Copy the data exactly; pictures stay out of the copy.

INPUT DATA =
::::::
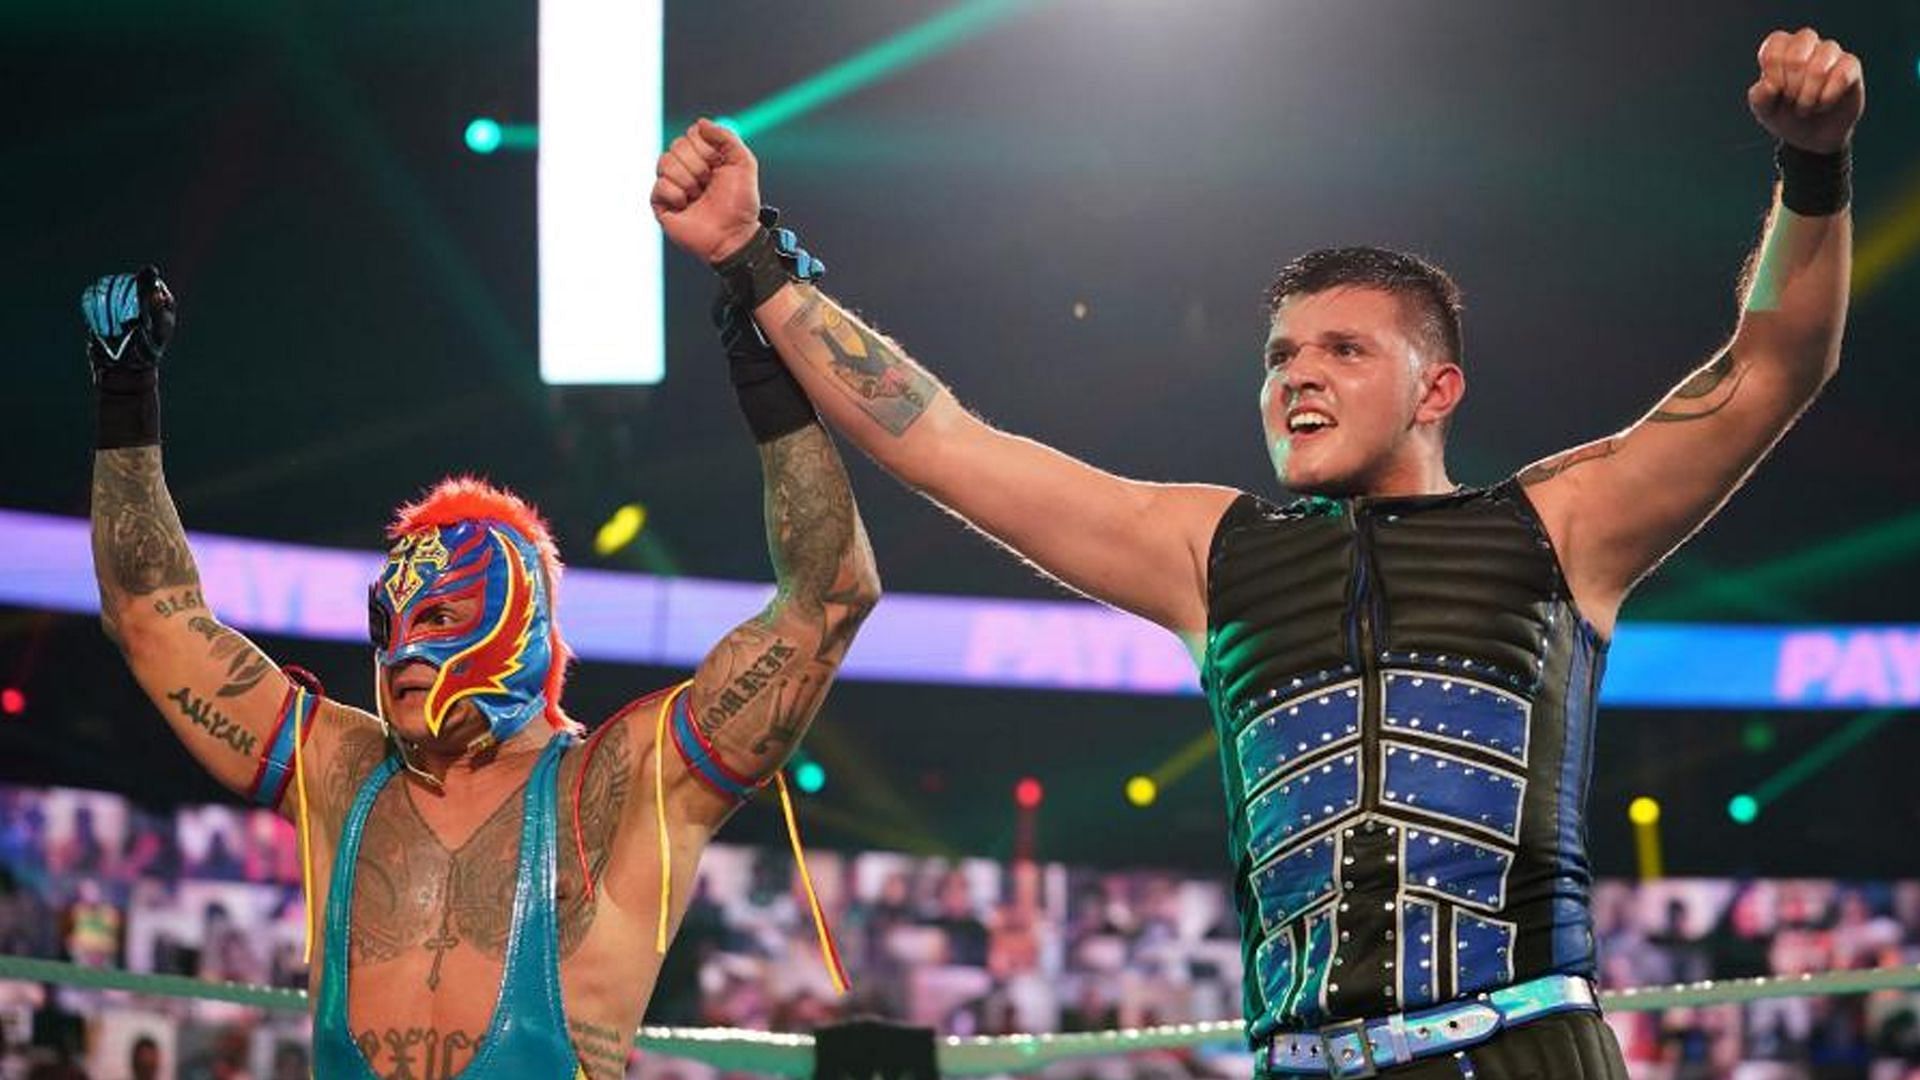 Dominik Mysterio is a former WWE SmackDown Tag Team Champion
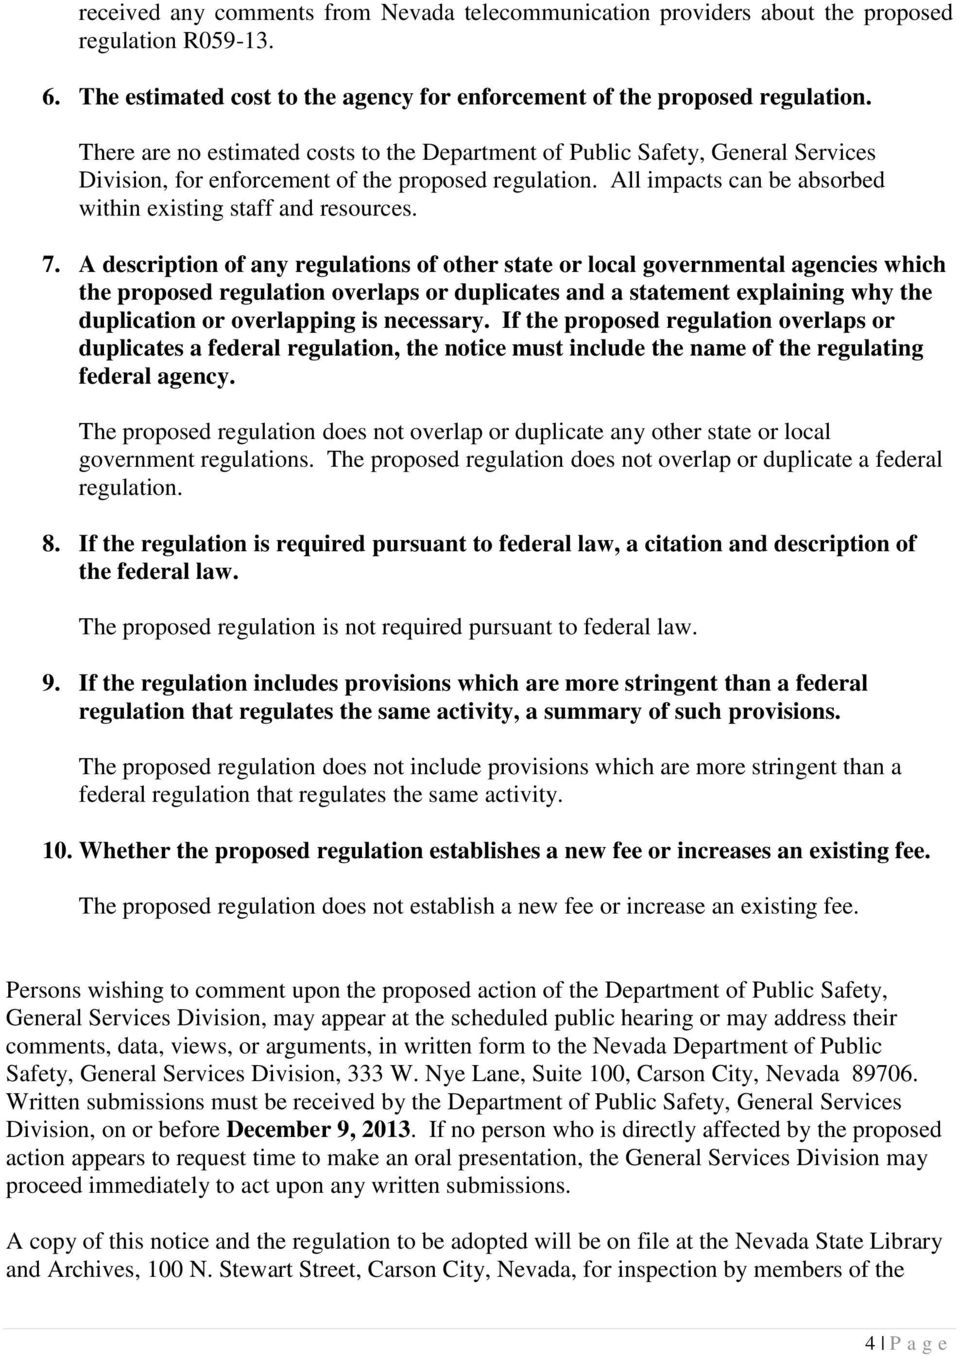 7. A description of any regulations of other state or local governmental agencies which the proposed regulation overlaps or duplicates and a statement explaining why the duplication or overlapping is
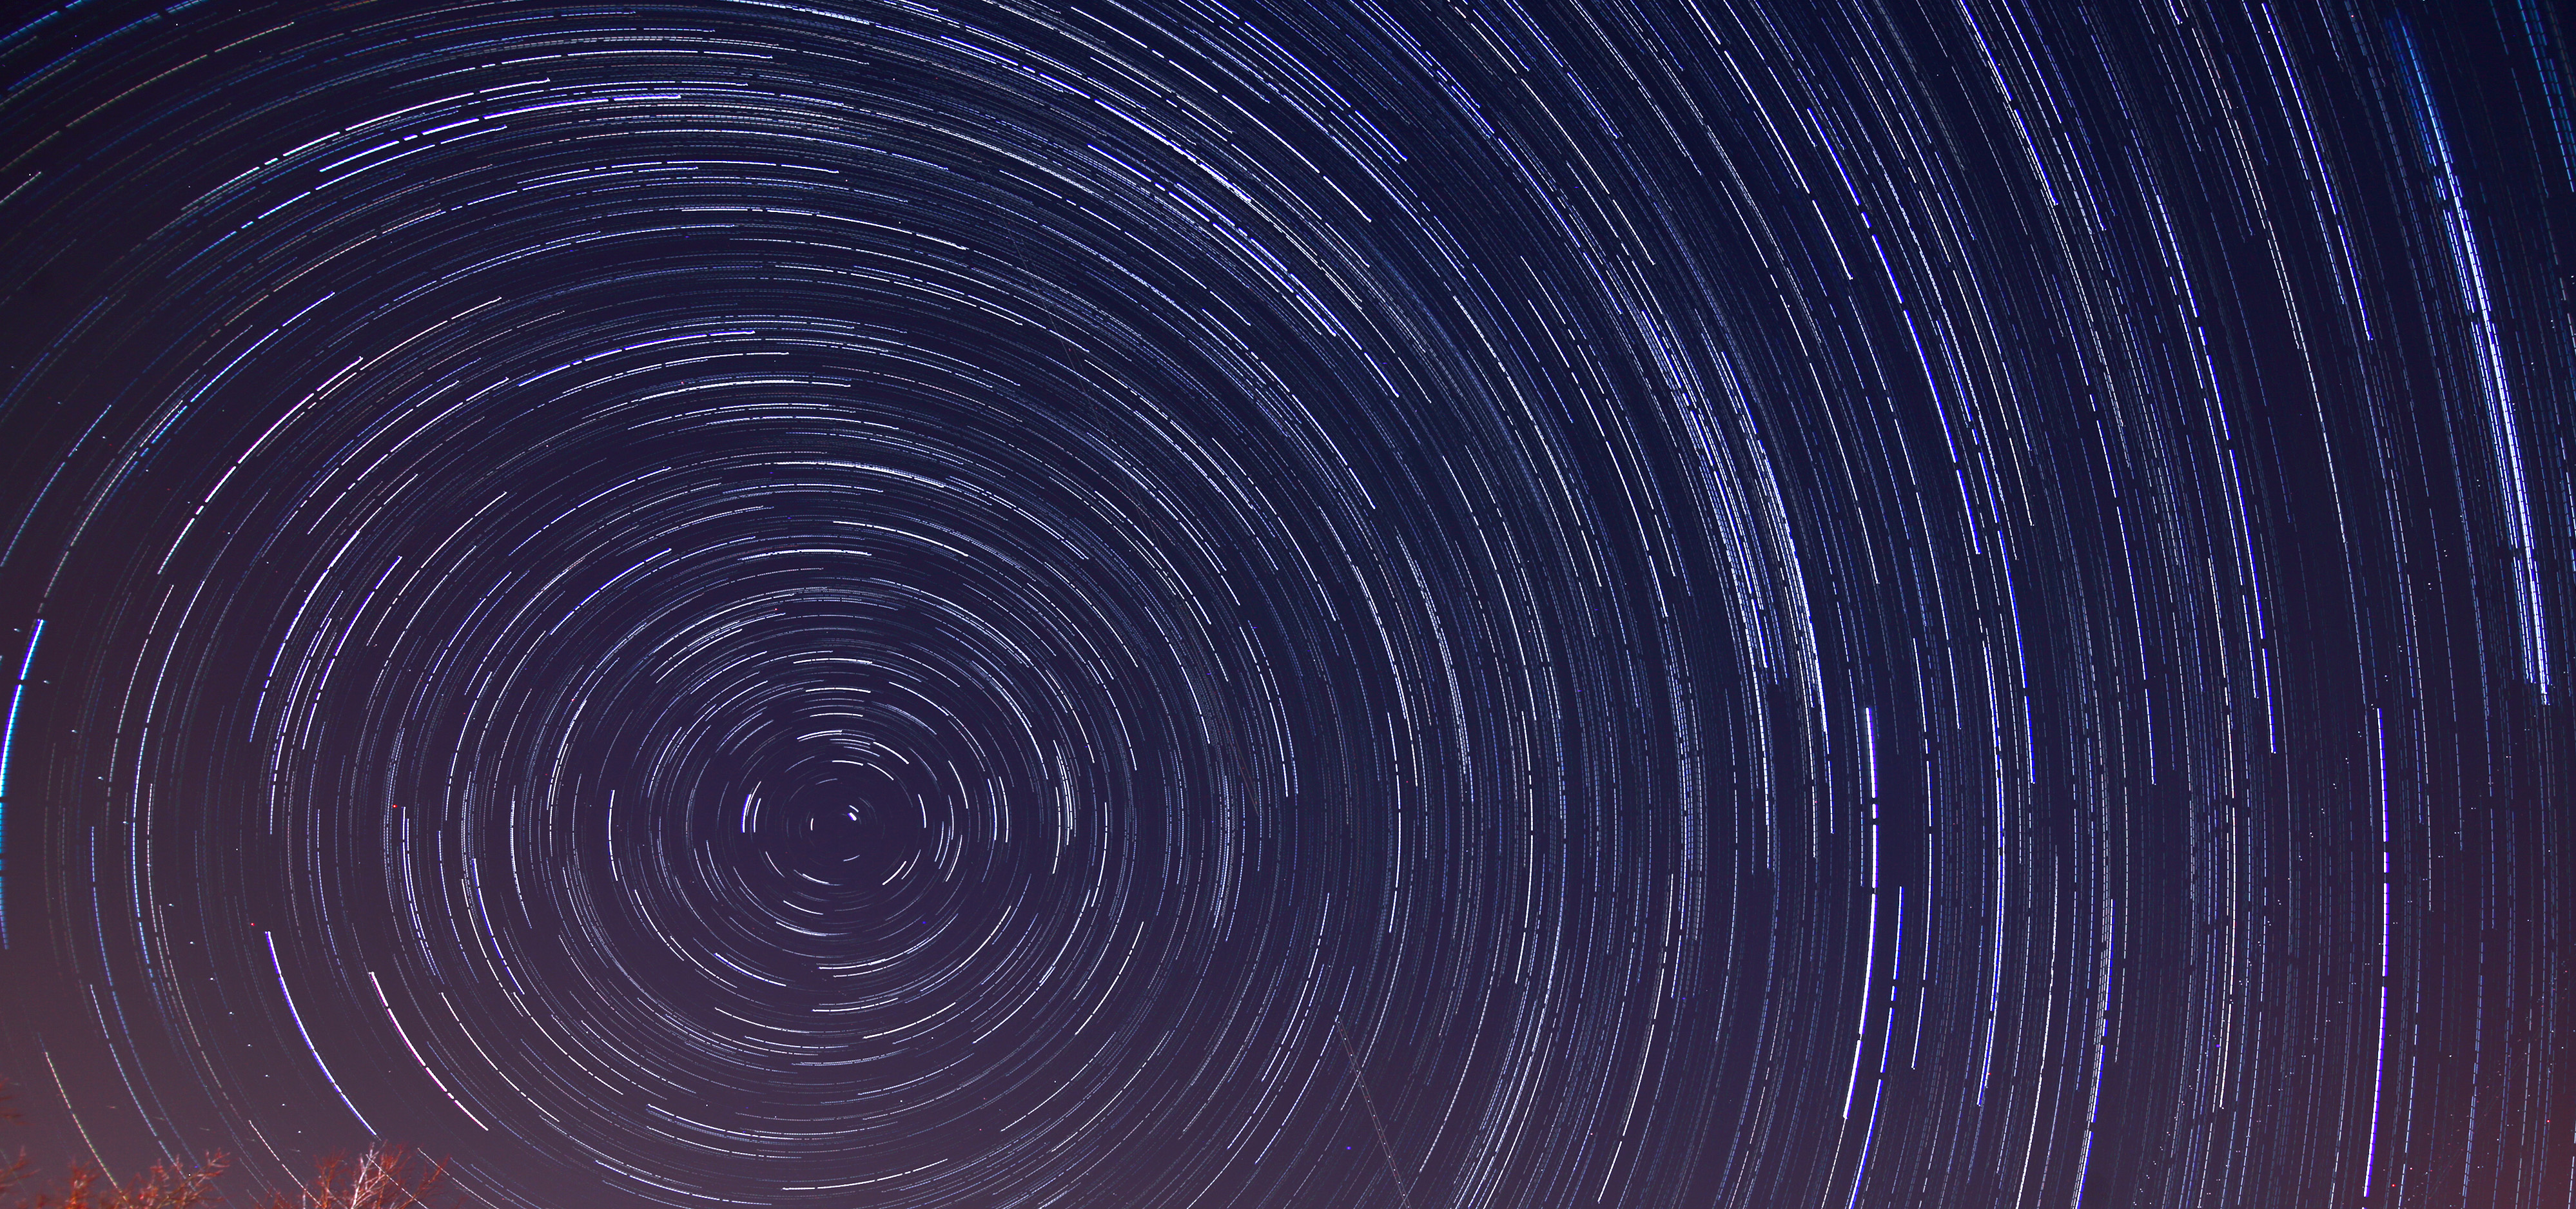 Star trail баннеры. Spin фон. Spinning background. Star Trails Wallpaper. Car Spinning in the Sky.
::::::
OUTPUT OF THE TASK =
 Dominik Mysterio is a former WWE SmackDown Tag Team Champion
 7. A description of any regulations of other state or local governmental agencies which the proposed regulation overlaps or duplicates and a statement explaining why the duplication or overlapping is
 Star trail баннеры. Spin фон. Spinning background. Star Trails Wallpaper. Car Spinning in the Sky.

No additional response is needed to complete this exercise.